After Italy's entry into World War II the two regiments of the Brigade "Perugia" were reformed by the regimental depots of the 22nd Infantry Division "Cacciatori delle Alpi": on 12 August 1941 the 129th Infantry Regiment "Perugia" was reformed in Perugia by the depot of 51st Infantry Regiment "Cacciatori delle Alpi", while the 130th Infantry Regiment "Perugia" was reformed in Terni on 14 August 1941 by the depot of the 52nd Infantry Regiment "Cacciatori delle Alpi". The two regiments were assigned on 25 August of the same year to the 151st Infantry Division "Perugia", which also included the newly formed 151st Artillery Regiment "Perugia", that had been formed by the 1st Artillery Regiment "Cacciatori delle Alpi" in Foligno. The two infantry regiments consisted of a command, a command company, three fusilier battalions, a cannons company equipped with 47/32 anti-tank guns, and a mortar company equipped with 81mm Mod. 35 mortars.
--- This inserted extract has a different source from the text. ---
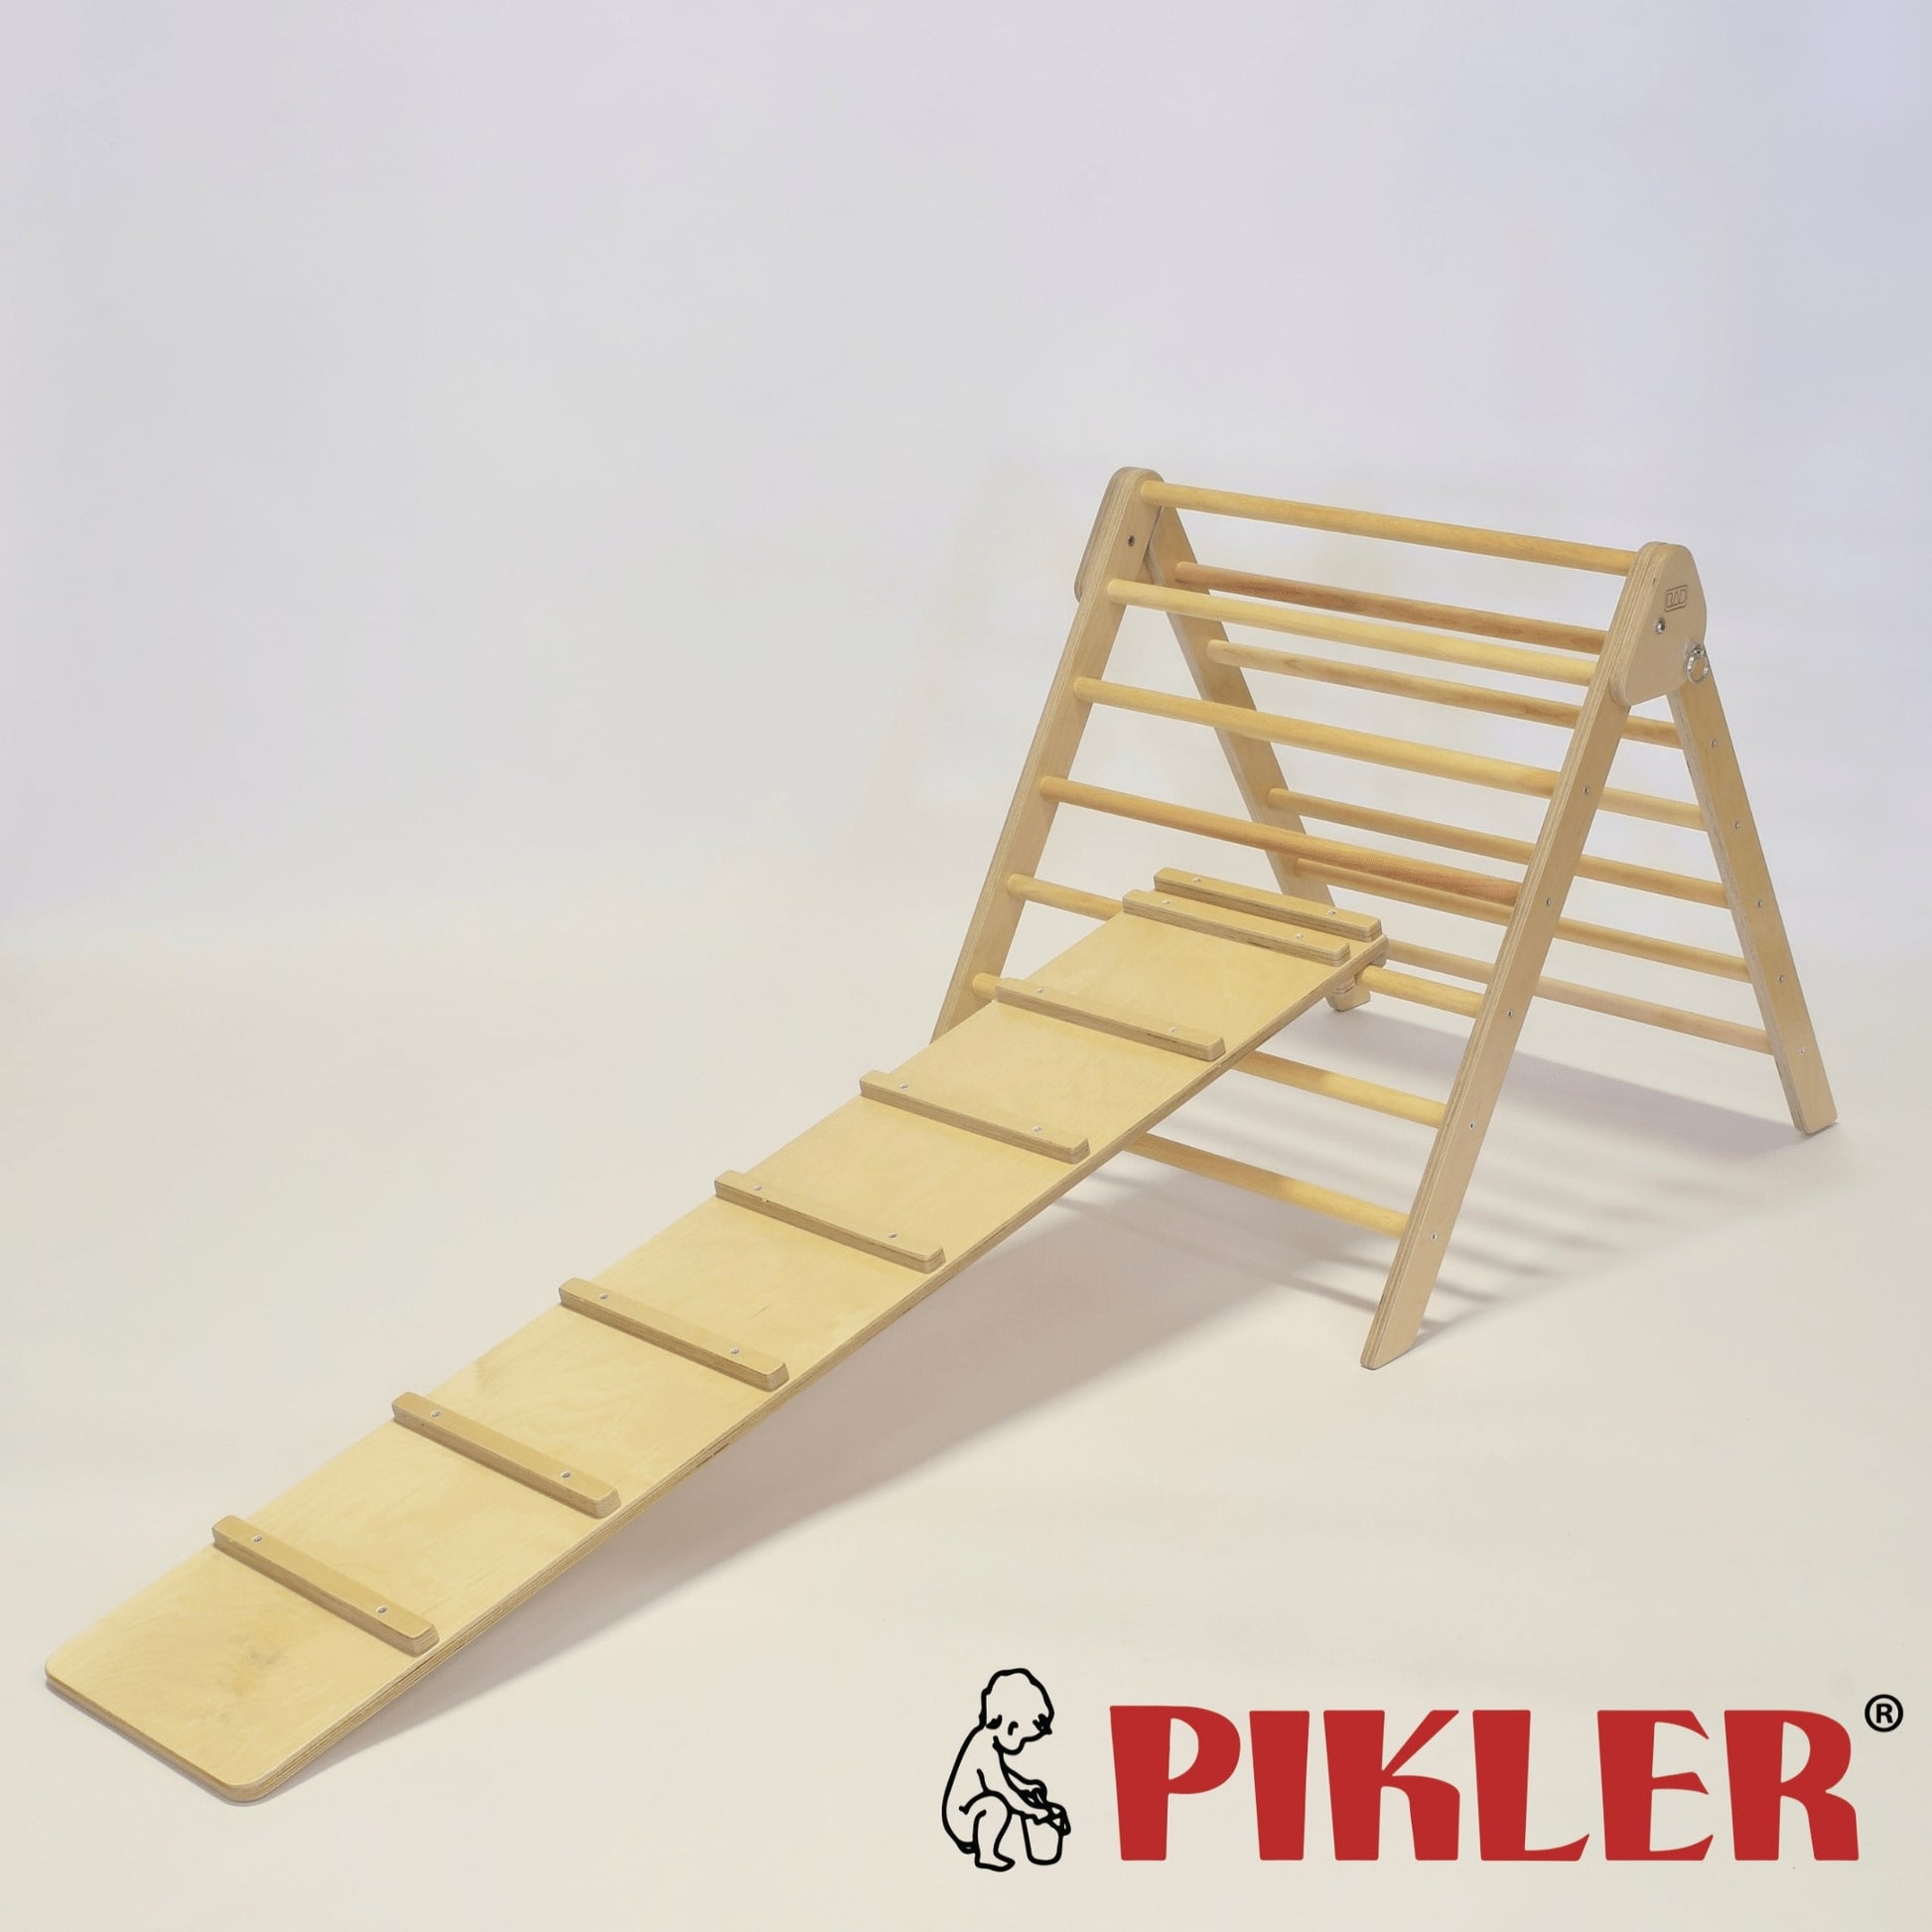 Triángulo de Aprendizaje Pikler Plegable Madera 90 x 50 x 80 CM. TREMS –  Woodgo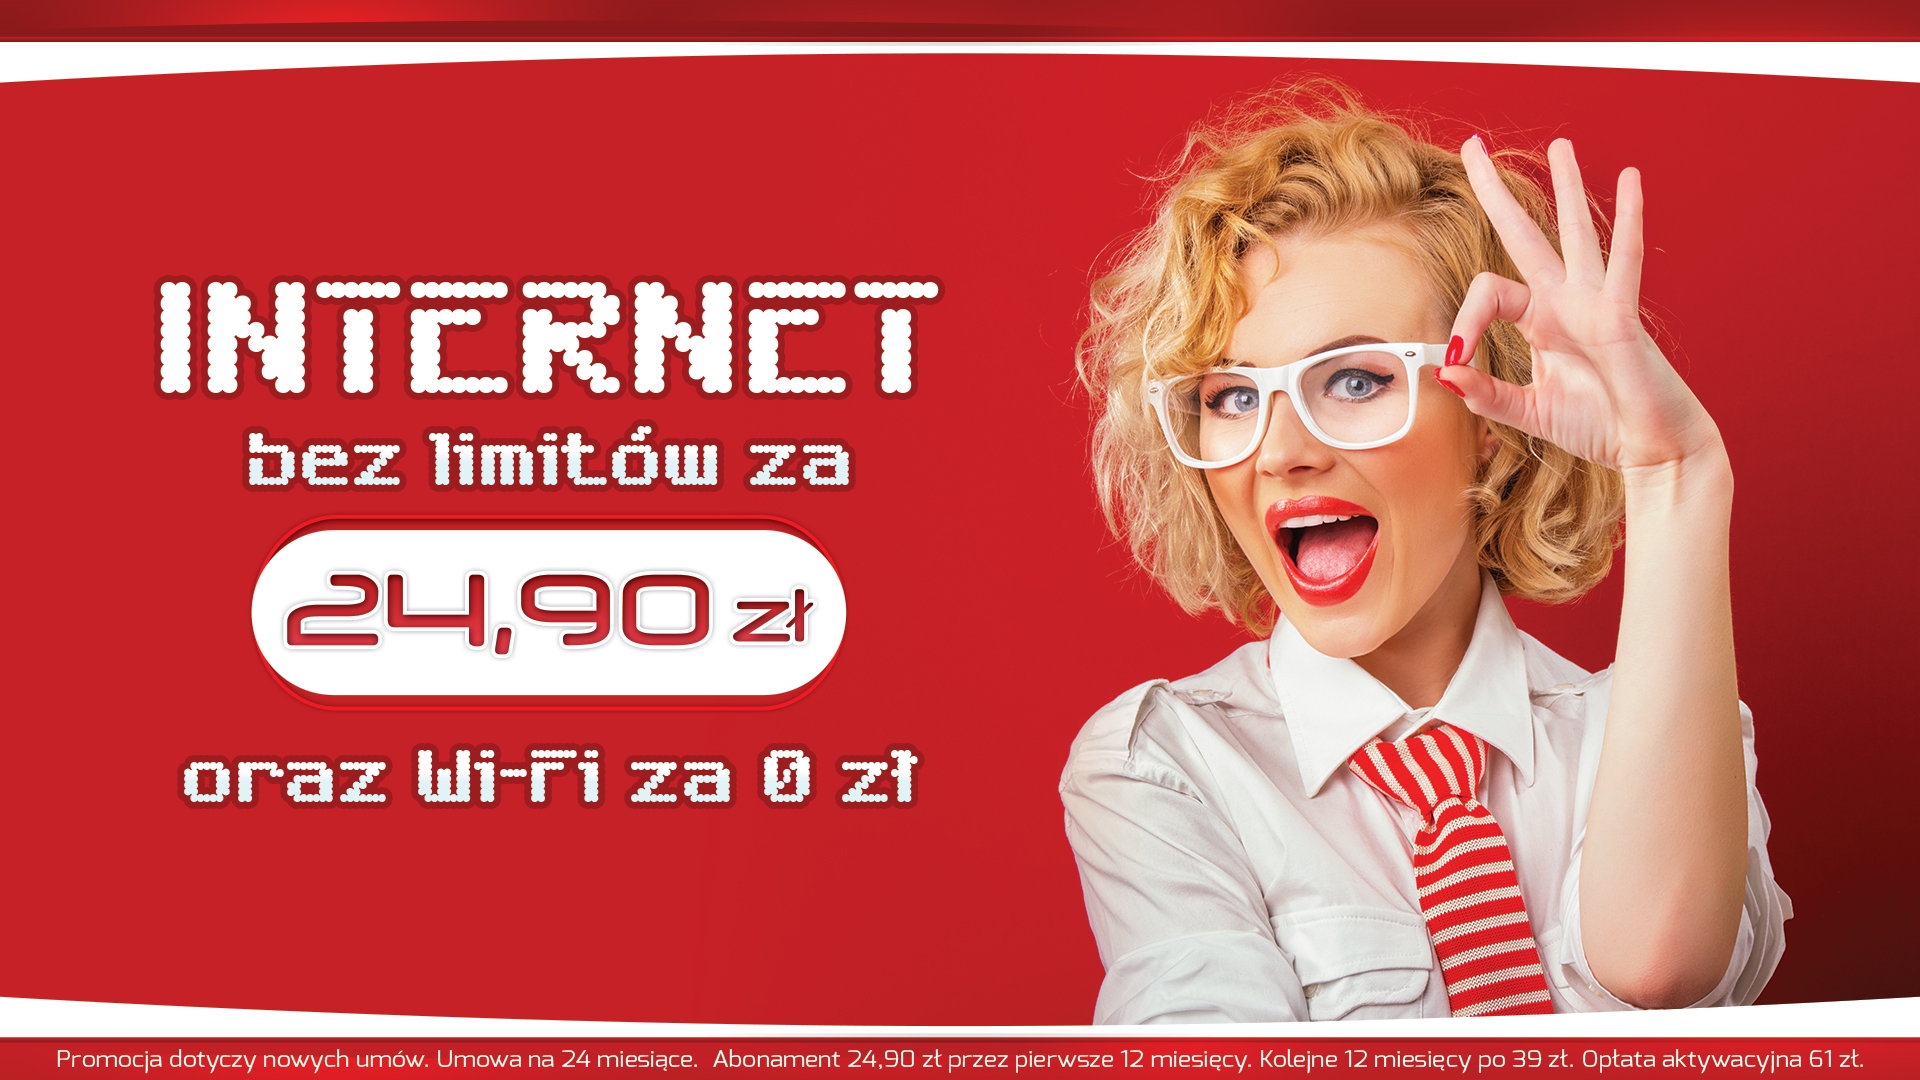 NETbis - Internet bez limitów. Wykonanie reklam VORENUS Agencja Interaktywna. vorenus.pl

The division was sent to Yugoslavia on occupation duty, where it remained until the Armistice of Cassibile was announced on 8 September 1943, after which the division was attacked by German forces and Albanian partisans. The Perugia's commander ordered his troops to move to the coast and embark to Italy. The remnants of the 130th Infantry Regiment "Perugia" fought their way to the harbour of Vlorë and set up a defensive perimeter, which managed to withstand the German attacks until 20 September 1943. The remnants of the 129th Infantry Regiment "Perugia", together with the division's command, reached the harbour of Sarandë, where the Germans besieged the Italians. Approximately 1,000 men could be shipped back to Italy with the vessels in the harbor. No help from Italy or the Allies arrived and so between 3–5 October the German 1st Mountain Division overran most of the Perugia's positions and immediately executed all captured officers and non-commissioned officers.

=== Cold War ===

During the 1975 army reform the army disbanded the regimental level and newly independent battalions were granted for the first time their own flags. On 1 January 1976, the 130th Motorized Infantry Battalion "Perugia" was formed in Spoleto and assigned the flag and traditions of the 130th Infantry Regiment "Perugia". The battalion took over the base and received the equipment of the II Battalion of the 17th Infantry Regiment "Acqui", which had been disbanded on 30 September 1975. The battalion was assigned to the Motorized Brigade "Acqui" and consisted of a command, a command and services company, three motorized companies, and a heavy mortar company equipped with towed 120mm Mod. 63 mortars. At the time the battalion fielded 844 men (41 officers, 94 non-commissioned officers, and 709 soldiers).

=== Recent times ===
In 1991, after the end of the Cold War, the Italian Army disbanded a large number of its mechanized units in Northern Italy and transferred their equipment to the Acqui, which became a mechanized formation. The battalion consisted now of a command, a command and services company, three mechanized companies equipped with M113 armored personnel carriers, and a mortar company equipped with M106 mortar carriers with 120mm Mod. 63 mortars. On 3 September 1991 the 130th Mechanized Infantry Battalion "Perugia" lost its autonomy and the next day the battalion entered the reformed 130th Mechanized Infantry Regiment "Perugia". On 1 January 1993 the regiment was renamed 130th Infantry Regiment "Perugia".

On 15 May 1996 the regiment was transferred to the Mechanized Brigade "Granatieri di Sardegna", but already on 30 June of the same year the regiment was disbanded. On 3 July 1996 the flag of the regiment was transferred to the Shrine of the Flags in the Vittoriano in Rome.